46 | Sehancur-Hancurnya

21 4 0
                                    

Kamu yang membuatku percaya, bahwa seharusnya kamu tidak dipercaya.

•••

PAGI hari saat burung-burung bertengger dengan senang di dahan-dahan karena sudah kenyang mencari makan subuh-subuh sebelum menjelang pagi, Louis justru menghela napas berat di meja makan rumahnya.

Amunisi semangat Louis untuk menjalani hari, tidak ia duga harus digunakan saat itu juga.

"Pagi, sayang," sapa Diana ramah dengan senyum yang lebih cerah dari mentari. Tapi bukan itu masalahnya saat ini, melainkan laki-laki yang nampak gagah dengan pakaian formal khas yang akan menambah kesan maskulin untuknya.

Louis menjawab sapaan Bundanya alakadar, "pagi." Yang ia yakini, bahwa anak kecil sekalipun akan menyadari kalau jawaban itu dilakukan dengan susah payah dan napas tertahan.

Setelahnya, tidak ada lagi kalimat yang keluar dari mulut Louis. Hanya Diana yang terlihat begitu antusias bercerita dengan suaminya, sesekali ia akan menanyakan pendapat Louis seperti, "Iya, kan Louis?" dan laki-laki termuda di meja makan itu hanya mengangguk tanpa mengeluarkan sepatah kata lainnya sebagai penambah keterangan.

Sarapan pagi yang sebenarnya tidak sampai sepuluh menit terasa begitu lama bagi Louis. Biasanya laki-laki dewasa itu tidak pernah makan bersama mereka, harusnya begitu saja. Kenapa repot-repot mengatur jadwalnya yang sibuk itu untuk makan bersama segala.

"Sudah makannya?" tanya Diana sambil membereskan meja makan untuk dicuci piring kotornya.

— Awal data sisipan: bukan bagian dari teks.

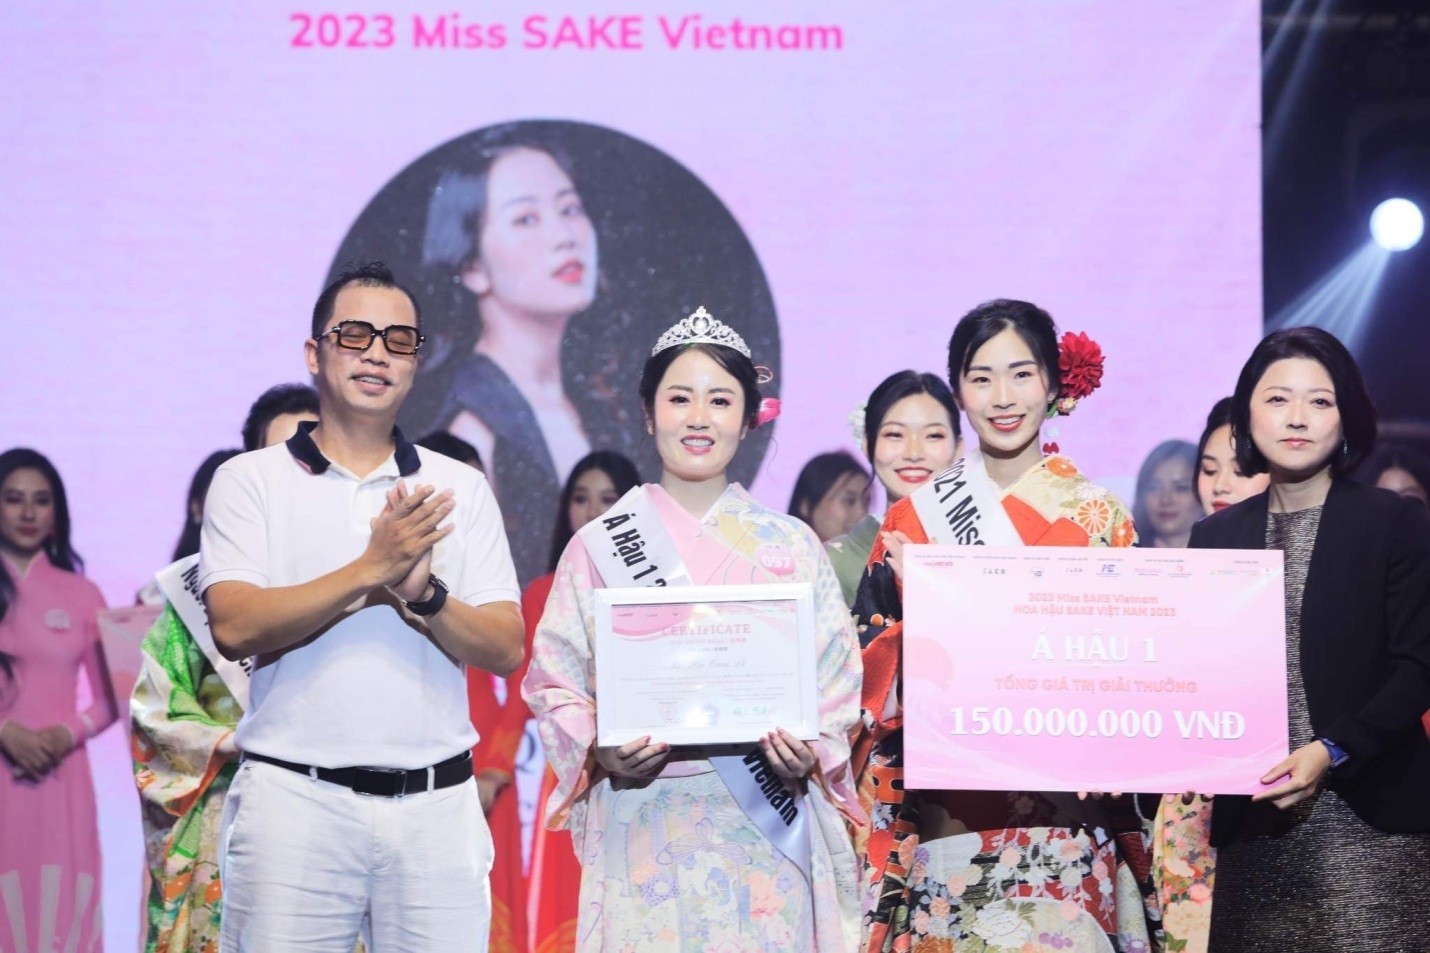 Khoảnh khắc Á hậu 1 Miss Sake Việt Nam 2023 gọi tên Hà Thị Cẩm Lệ

"Sudah," kata Louis dengan tangannya mengangkat roti selai stroberinya, mengizinkan Diana mengambil piringnya. Wanita itu tersenyum setelahnya dan berlalu menuju dapur, meninggalkan Louis dengan Wisnu-ayahnya.

Seketika suasana terasa begitu mencekam.

Wisnu berdehem memecah keheningan. "Gimana hubungan kamu sama Gadis?" tanyanya yang membuat Louis tercengang.

Dari sekian banyak pertanyaan, kenapa ia begitu blak-blakan. Louis menghela napas kasar sebelum menyahut, "Padahal Ayah sendiri tau gimana keadaannya sekarang?"

"Maksud kamu?"

"Ayah kan yang ngatur semuanya, dari dulu bukannya selalu begitu? Kita gak punya pembahasan antara ayah dan anak karena sejak dulu ayah sudah mengatur semuanya."

"Louis, kamu-"

Tanpa mendengar kelanjutan dari perkataan ayahnya, Louis kembali melanjutkan. "Padahal sebelumnya aku bahagia banget karena Gadis, gak ku sangka kalau hubunganku pun di atur sama ayah." Ia berdiri, mendadak merasa marah pada keadaan.

"Aku kecewa sama ayah," ucapnya terakhir kemudian beranjak dari meja makan.

Baru beberapa langkah ia pergi meninggalkan ayahnya, Wisnu menghentikannya dengan kalimat yang sebelumnya tak pernah Louis duga akan ia dengar dari ayahnya.

"Ayah tidak tahu apa yang membuat kamu marah, tapi kalau kamu merasa harga dirimu tergores, jadi laki-laki yang bisa berdiri sendiri. Dengan begitu, ayah juga akan abai dengan kehidupanmu."

Wisnu berdiri, menghampiri Louis. Ia buka telapak tangan putranya dan memberikan handphone Louis yang tertinggal. Dari sana, muncul pesan dari Gadis yang mengatakan kalau dia ingin bertemu Louis.

"Mengenai Gadis, kamu yakin dia baik-baik aja?"

Sebuah pertanyaan yang juga selalu Louis tanyakan di kepalanya. Dan pernyataan ayahnya selanjutnya adalah apa yang ingin Louis katakan bohong, tapi ayahnya bukan orang yang pintar berbohong jika sambil menatap mata lawan bicaranya.